I got my first (and last and only) tattoo about 10 days ago. Yes, it hurt!! It wasn’t some random act of rebellion; it was a sign of solidarity with my sisters who also each got one. Usually we do things the same, but thankfully, we each chose what we wanted instead of settling for a single message.
I got a bow and arrow, after some deliberation. No, not because Kevin was a hunter. I decided that something as permanent as a tattoo had to have perpetual meaning for me. One of very favorite quotes is from the poet Kahlil Gibran, and his book The Prophet is the basis of my most of my philosophy of life. I studied it in a humanities class in high school, and it has stuck with me these past 40 years. There is a chapter in this book that reads:
Your children are not your children. They are the sons and daughters of Life’s longing for itself. They come through you but not from you, and though they are with you yet they belong not to you.
You are the bows from which your children as living arrows are sent forth.
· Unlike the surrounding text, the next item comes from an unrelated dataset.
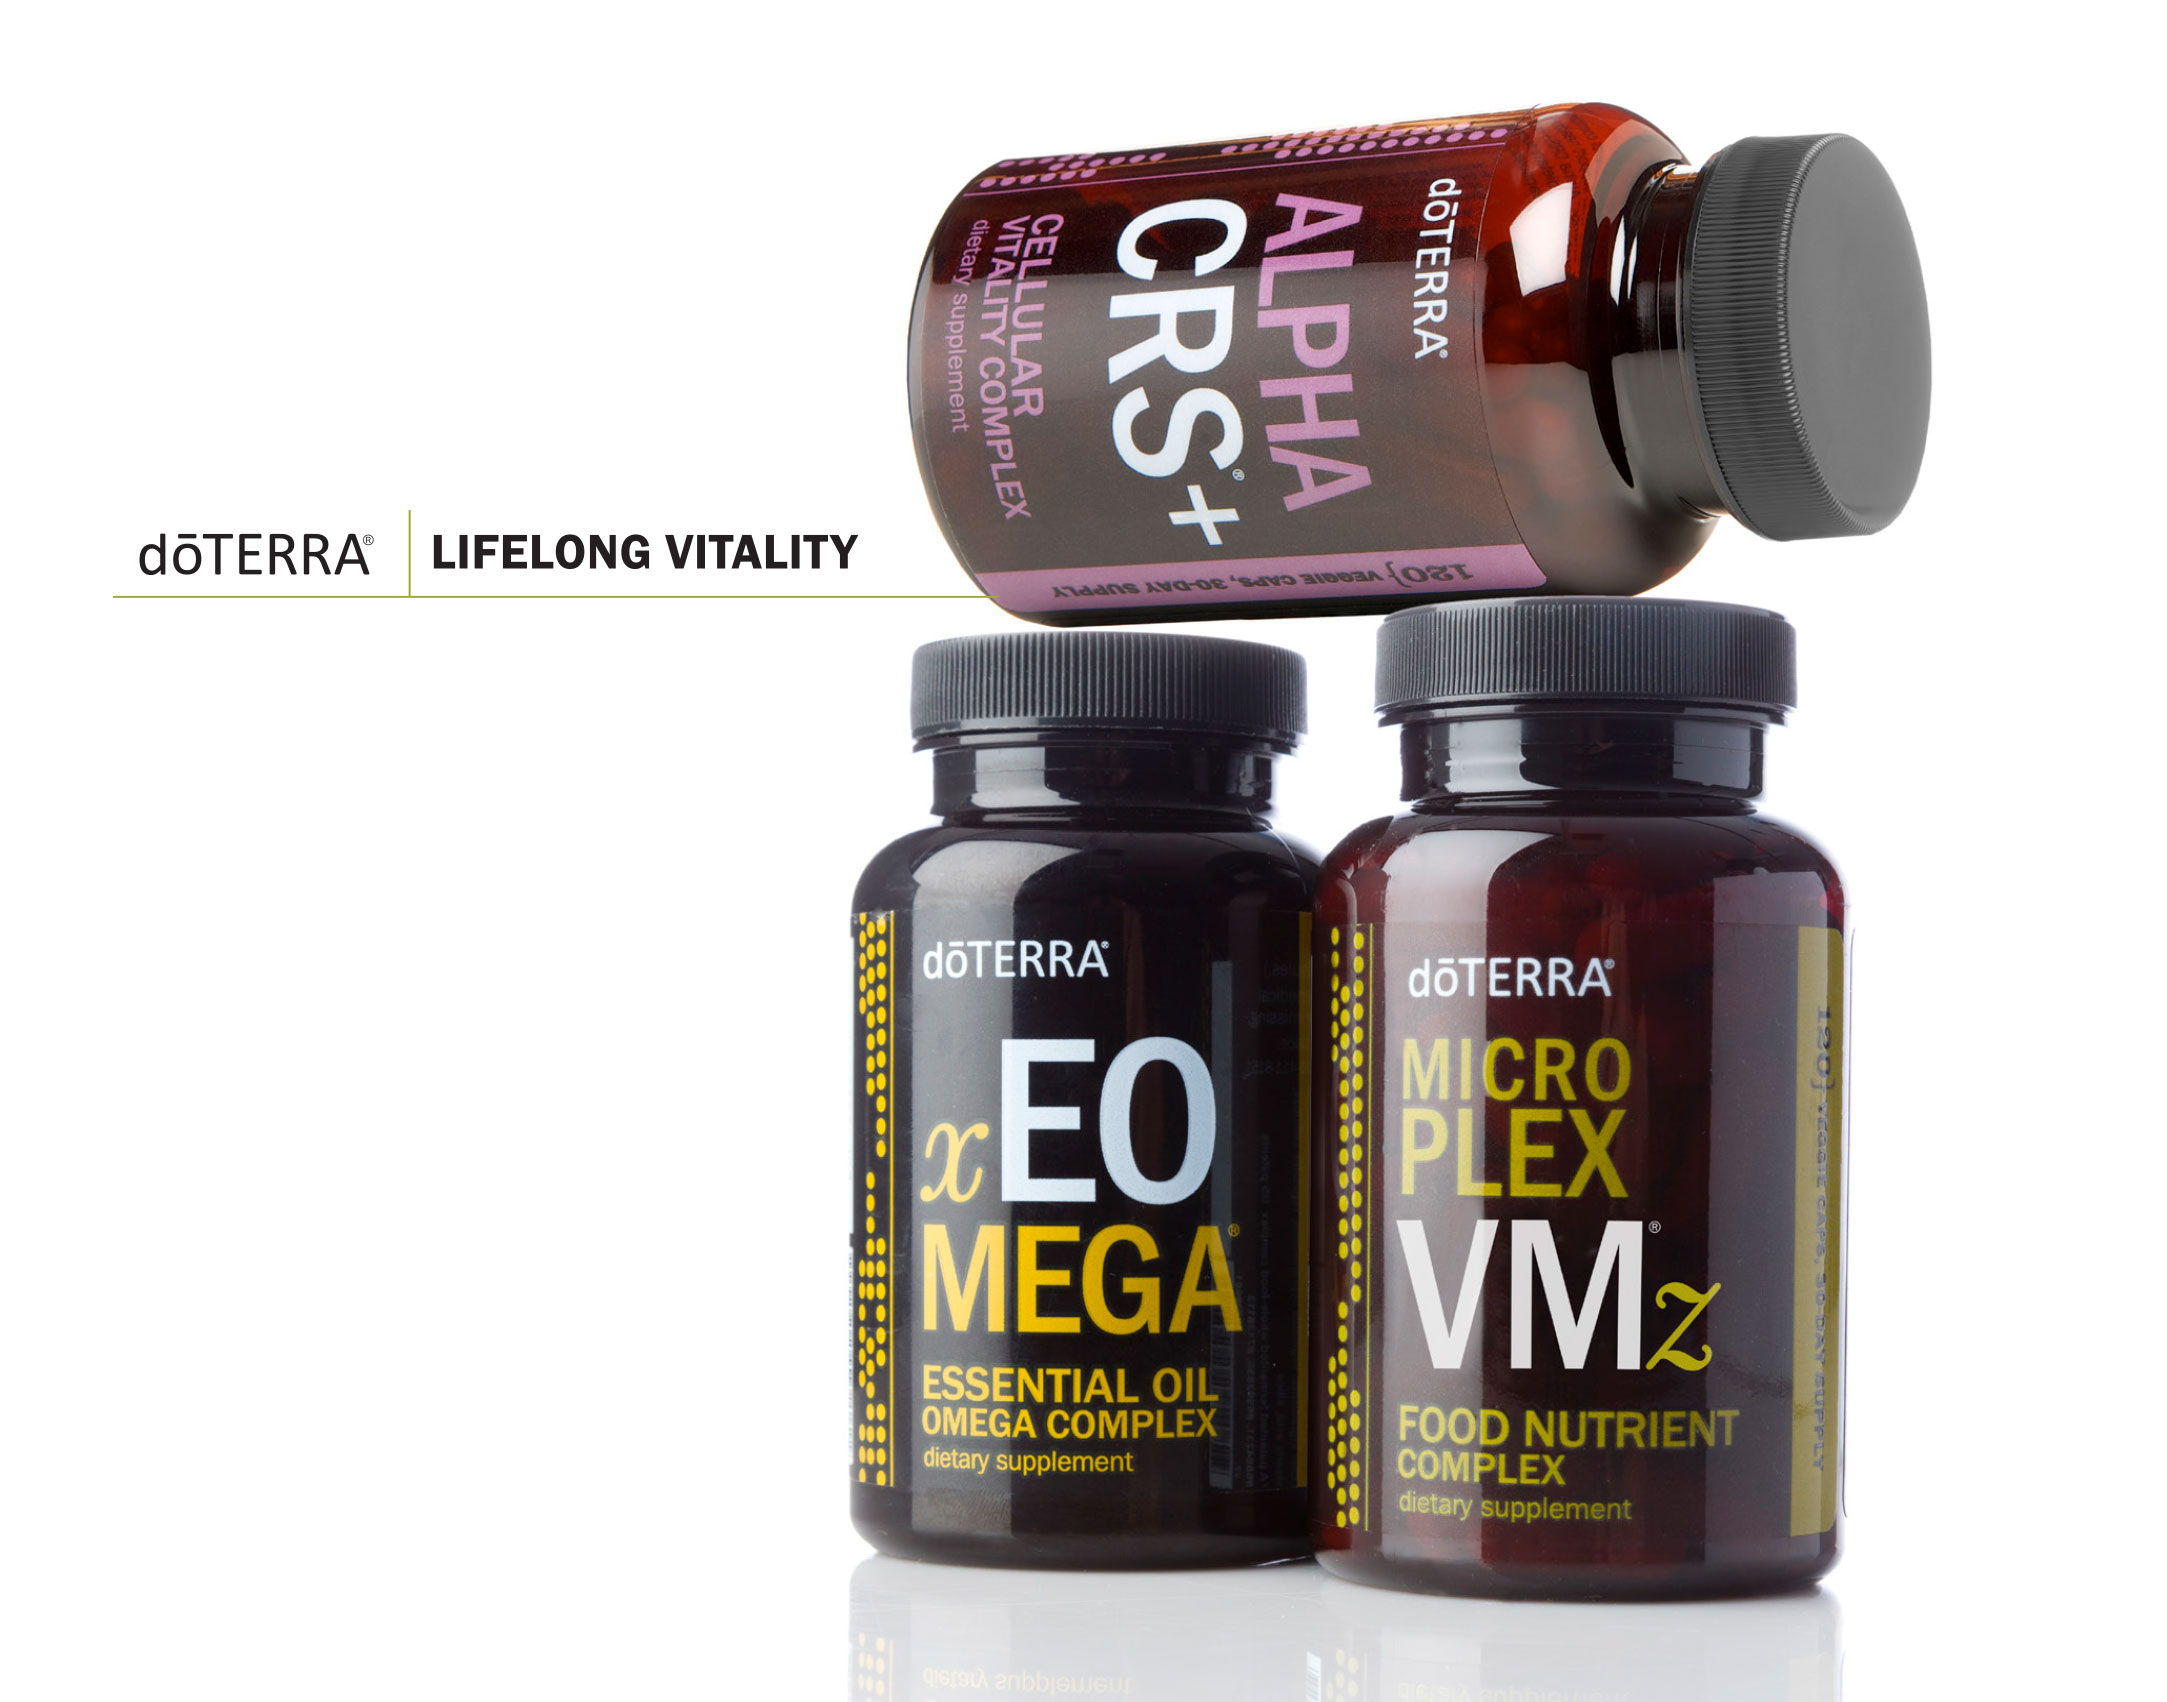 lifelong-vitality-1.jpg

The archer sees the mark upon the path of the infinite, and He bends you with His might that His arrows may go swift and far. Let your bending in the Archer’s hand be for gladness. For even as He loves the arrow that flies, so He loves the bow that is stable.
I have interpreted this in my tattoo. I am in the bow from which my children have been sent forth into the world, and they have indeed gone swift and far. I am also an arrow from the bow that was my parents. My marriage was a bow, from which Kevin has gone forth to the infinite, and from which I am now soaring on my own path. The picture of my tattoo is next to the one from Gibran’s book.
Do you have a tattoo? If so, what does it represent? If not, what would it be about if you were to get one? I’d like to hear from you.